Flow of charge is called electric current and the rate of flow of charge in a circuit represents the magnitude of the electric current in that circuit.

\[I = \frac{dq}{dt}\]

Key Points about Electric Current

The direction of electric current is taken to be opposite to the direction of the flow of electrons
The direction of flow of positive charge in a conductor is taken as the direction of the electric current
Electric current is a scalar quantity
S.I. unit of electric current is coulomb/second or ampere

1.1 Drift Velocity of Free Electrons

The drift velocity is the velocity acquired by the electron in a direction opposite to applied electric field due to the acceleration of electron during the relaxation time.

\[v_d = a\tau = \frac{eE}{m}\tau\]

Where:

\(v_d\) = drift velocity
\(a\) = acceleration
\(\tau\) = relaxation time
\(e\) = charge of electron
\(E\) = electric field
\(m\) = mass of electron

1.2 Relaxation Time

The average time taken between two successive collisions is called relaxation time. It is represented by \(\tau\).

2. Ohm's Law and Resistance

Ohm's Law

If the physical conditions of a conductor (such as temperature etc.) remain same, then the potential difference across the ends of the conductor is directly proportional to the current flowing in it.

\[V \propto I \quad \text{or} \quad V = IR\]

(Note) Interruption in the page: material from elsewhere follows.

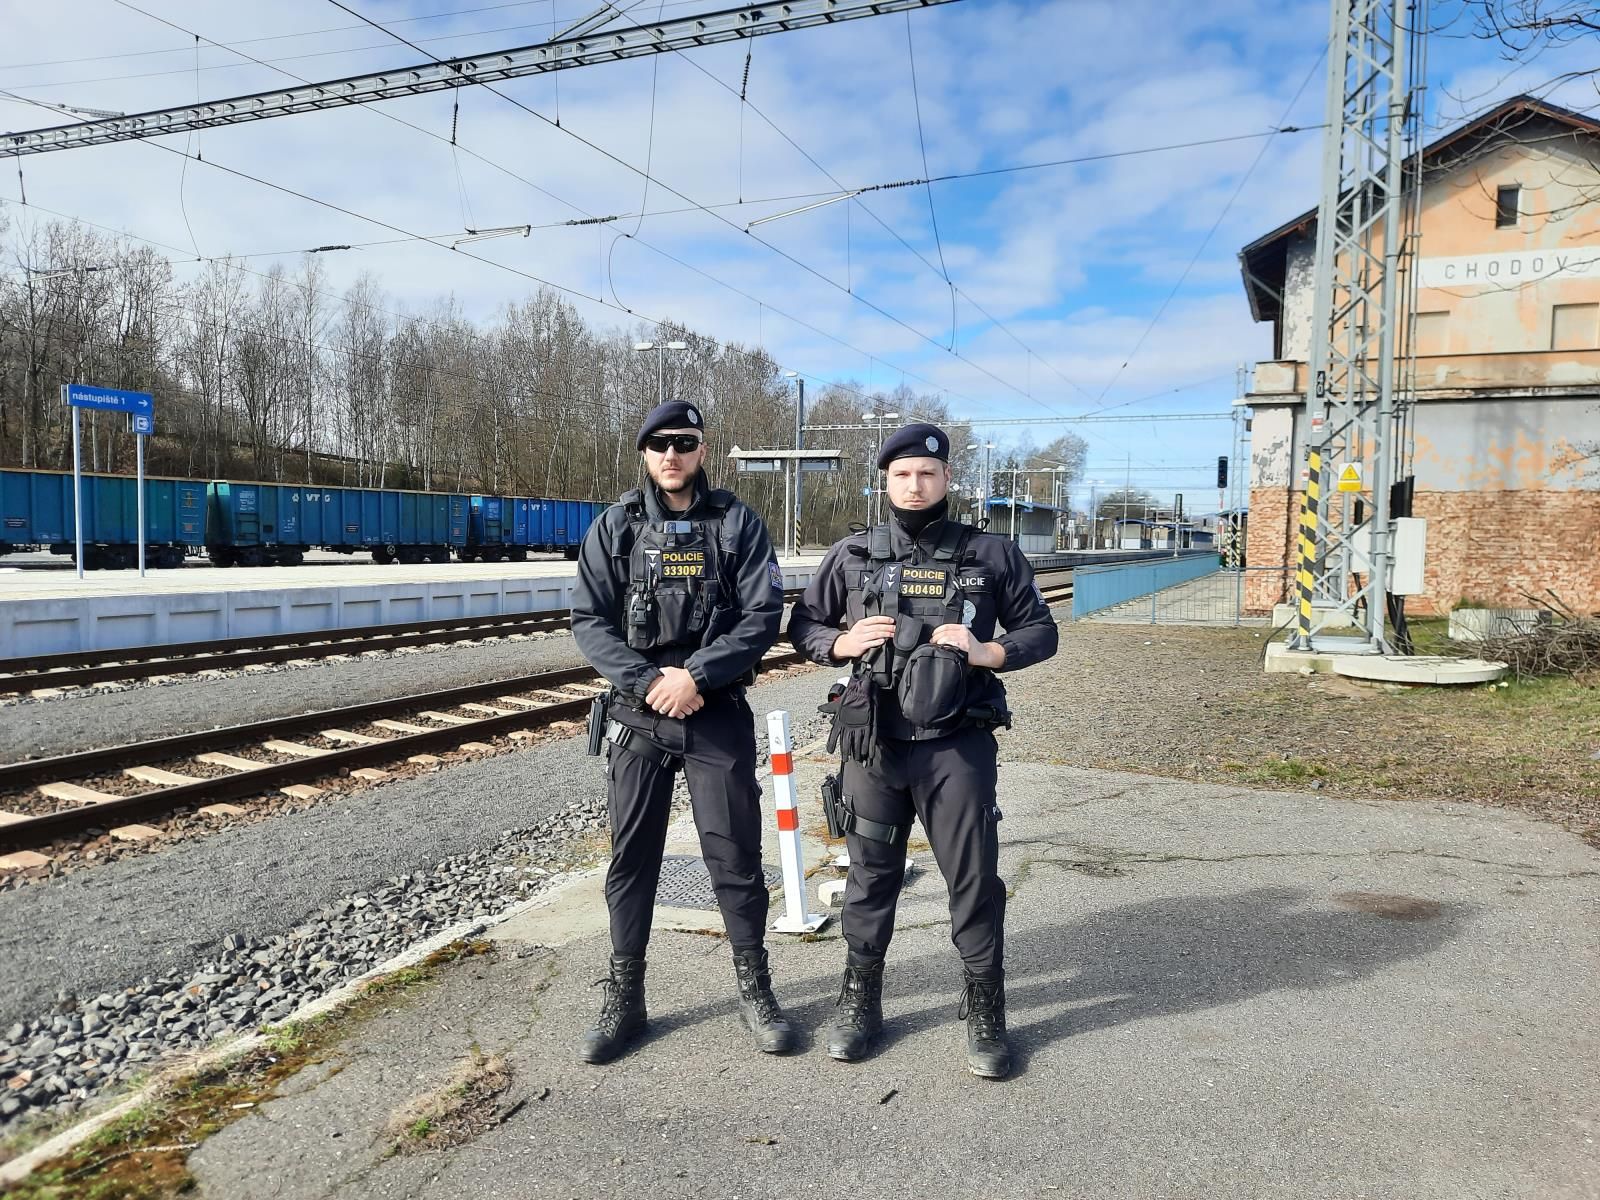 Karlovarsko: Policisté se zaměřili na kontroly nádraží, vlakové spoje a železniční tratě

Where, R is a constant, called resistance of the conductor.

2.1 Resistance

The resistance of a conductor is directly proportional to its length \(l\) and inversely proportional to its cross-sectional area \(A\).

\[R = \frac{\rho l}{A}\]

Where:

\(R\) = resistance
\(\rho\) = resistivity of the material
\(l\) = length of conductor
\(A\) = cross-sectional area

Key Points:

The SI unit of resistance is ohm (\(\Omega\))
Resistivity (\(\rho\)) depends on the material of the conductor
Resistance depends on temperature
For most conductors, resistance increases with temperature

3. Circuits with Resistors

3.1 Resistors in Series

Two resistances are said to be in series if the same current passes through both resistors.

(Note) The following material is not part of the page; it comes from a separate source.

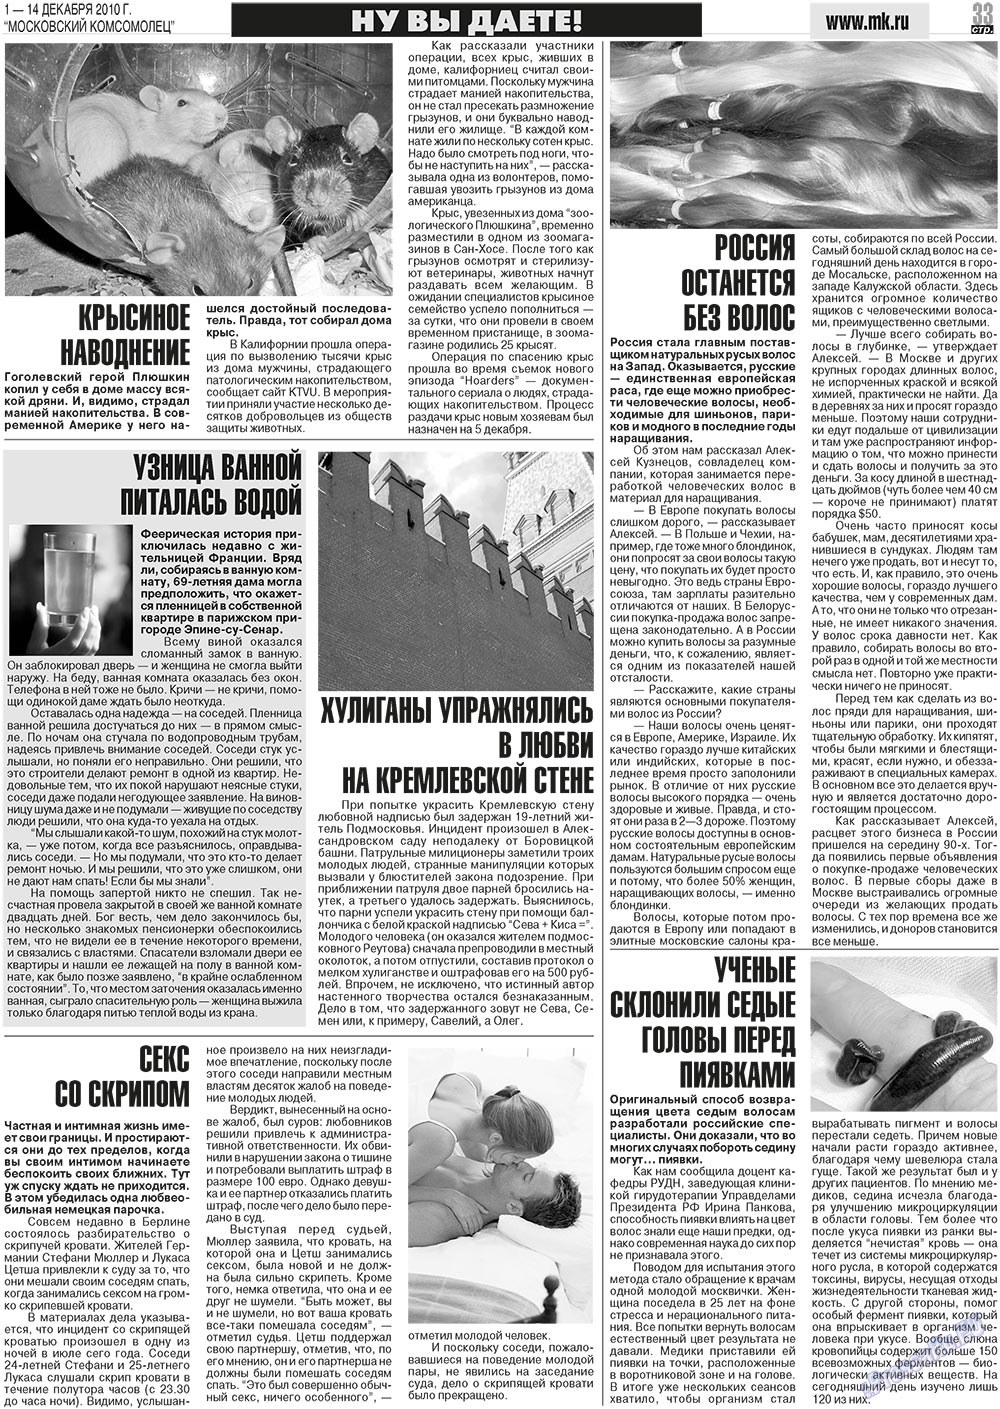 МК Испания, газета. 2010 №48 стр.33

Series Combination: \(R_1\) — \(R_2\) — ... — \(R_N\)

\[R = R_1 + R_2 + \ldots + R_N = \sum_{i=1}^{N} R_i\]

Properties of Series Combination:

At every instant of time all circuit elements connected in a series combination carry the same current
The equivalent resistance of a series combination of resistances is always larger than any of the individual resistances
The voltage across each resistor is proportional to its resistance

3.2 Resistors in Parallel

Two resistors are said to be in parallel combination if the current splits but the voltage drop across each resistor is the same.

Parallel Combination: All resistors connected between the same two points

\[\frac{1}{R} = \frac{1}{R_1} + \frac{1}{R_2} + \ldots + \frac{1}{R_N} = \sum_{i=1}^{N} \frac{1}{R_i}\]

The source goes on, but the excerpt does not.